How to Prioritize Database Transactions

Embedded / real-time systems most often consist of just a few concurrent tasks. An embedded database system can leverage this awareness by utilizing a simple approach to concurrency. In eXtremeDB, this is the MURSIW transaction manager. MURSIW = MUltiple Reader, SIngle Writer.

This transaction manager allows multiple tasks to read the database at the same time. A task that wants to write to the database is granted exclusive access to the database for the duration of its transaction; other read-only and read-write tasks wait.

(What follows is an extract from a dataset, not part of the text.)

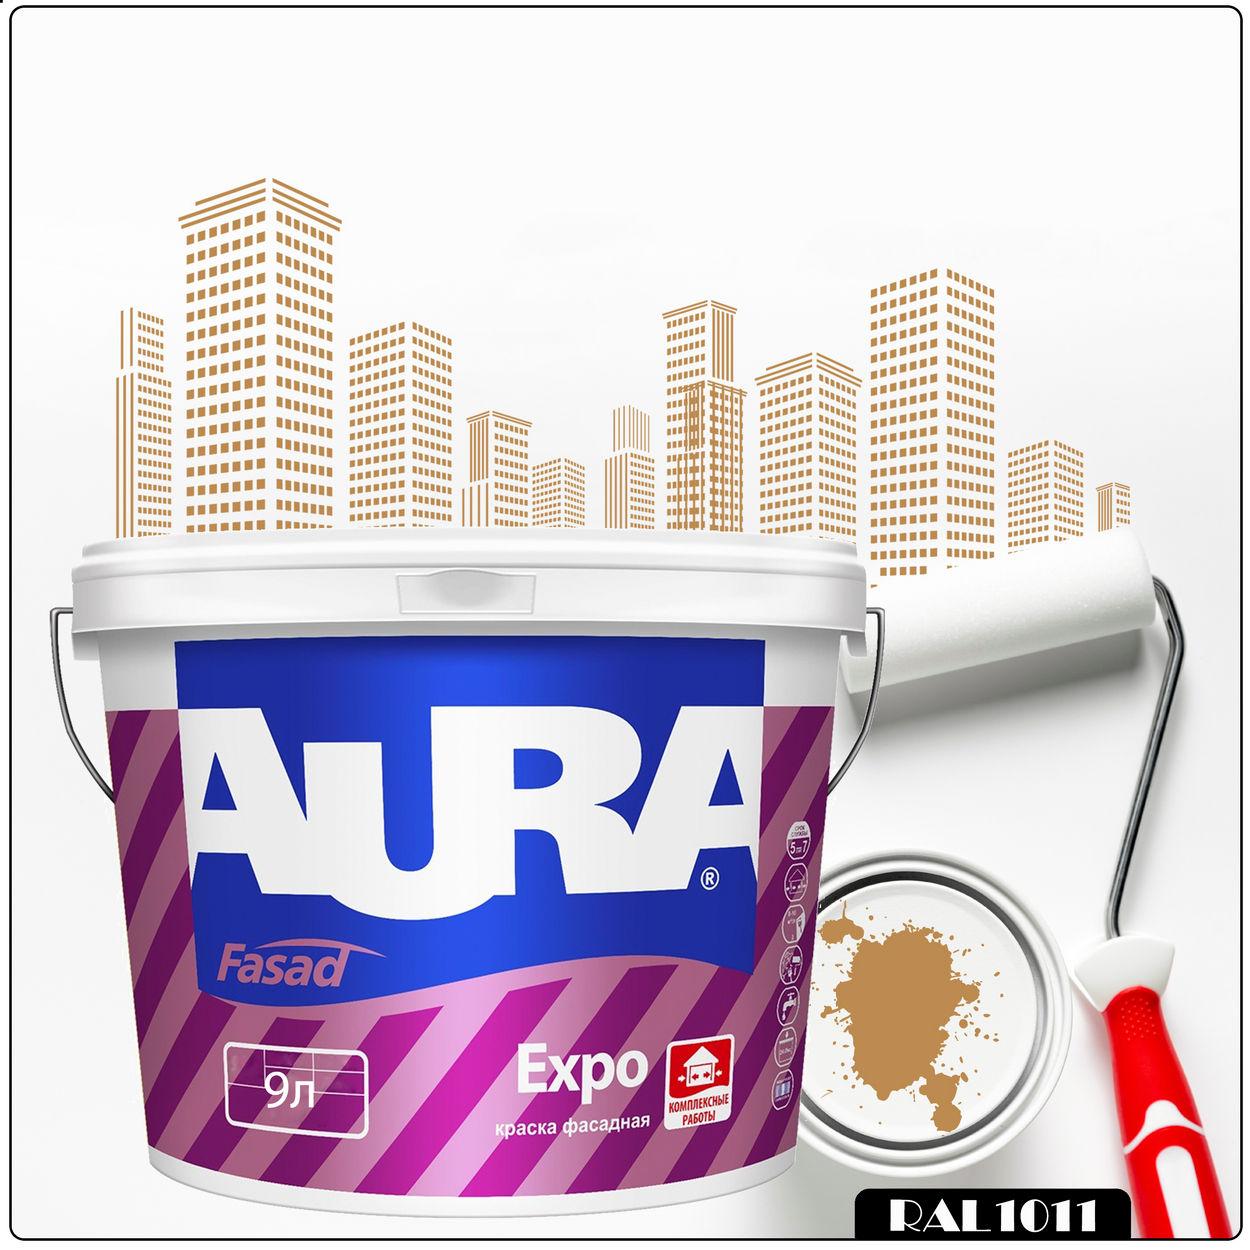 Фото 9 - Краска Aura Fasad Expo, RAL 1011 Коричнево-жёлтый, матовая, для фасадов и помещений с повышенной влажностью, 9л.
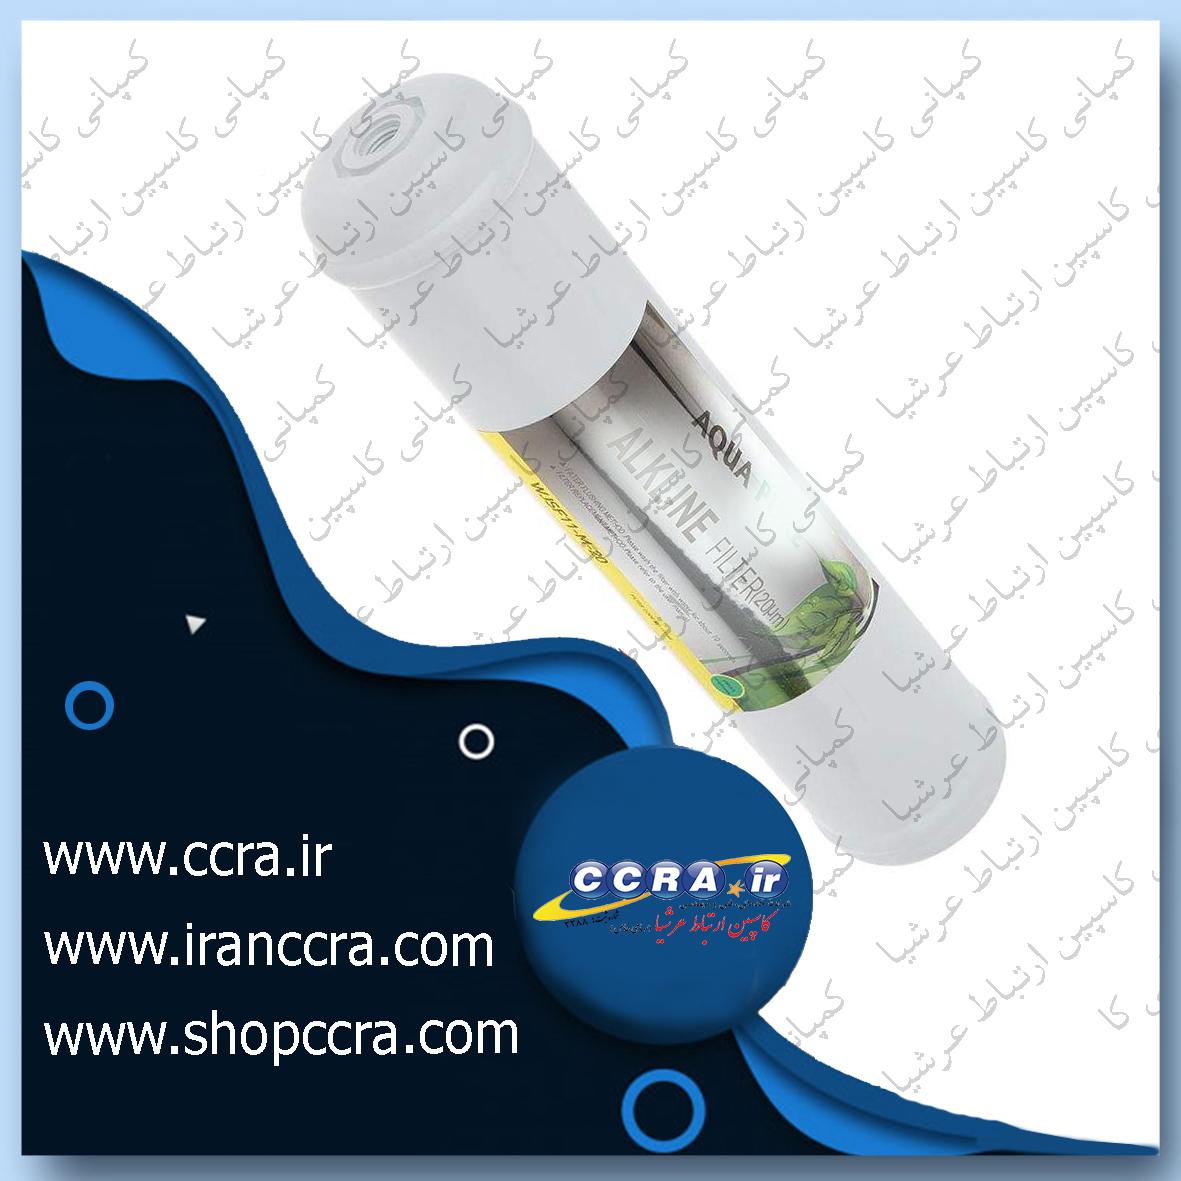 فیلتر قلیایی در دستگاه های تصفیه آب خانگی آکوا لایف

To implement this strategy, eXtremeDB creates a transaction queue. When a task wants to use the database, it calls a function to start a transaction and indicates the type of access requested: read-only or read-write. If no other transaction is running, the task is given access to the database immediately. If another task is executing a read-only transaction, and this task is also requesting a read-only transaction, this task is again given immediate access to the database. If this task is requesting a read-write transaction, it is placed in the queue to wait for the read-only transaction(s) that are already executing. Likewise, if another task is executing a read-write transaction, then every other transaction request is placed in the queue to wait for the read-write transaction to finish.

Assuming that a read-write transaction is currently executing, the transaction queue can be visualized as:

Upon completion of the currently executing transaction, eXtremeDB will allow transactions 1 – 4 to execute, then #5, #6, #7, #s 8 & 9, #10, #s 11 – 15, #16, and finally #s 17 – 25, in turn.

Normally, the queue is first-in-first-out (FIFO). However, eXtremeDB allows developers to assign a transaction priority to each transaction. This will put a new transaction ahead of transactions with a lower priority in the queue. There are five classifications to prioritize database transactions, from lowest priority to highest:

IDLE

BACKGROUND

FOREGROUND

HIGH

ISR

Now, the transaction queue can be visualized as:

The MURSIW transaction manager will schedule transactions with ISR priority first, followed by HIGH, and so on. If the ISR and HIGH queues are empty so that the transaction manager is scheduling transactions from the NORMAL queue and a new ISR or HIGH transaction is started, it will be the next transaction scheduled (i.e. jump to the front of the queue of all transactions).

N.B. A parameter that is set at the time a database is opened determines whether a currently executing transaction can be preempted by a newly-started higher priority transaction. The default is that that running transactions are never preempted.

Care must be taken to harmonize eXtremeDB transaction priorities with the task’s RTOS priorities so as not to create a priority inversion.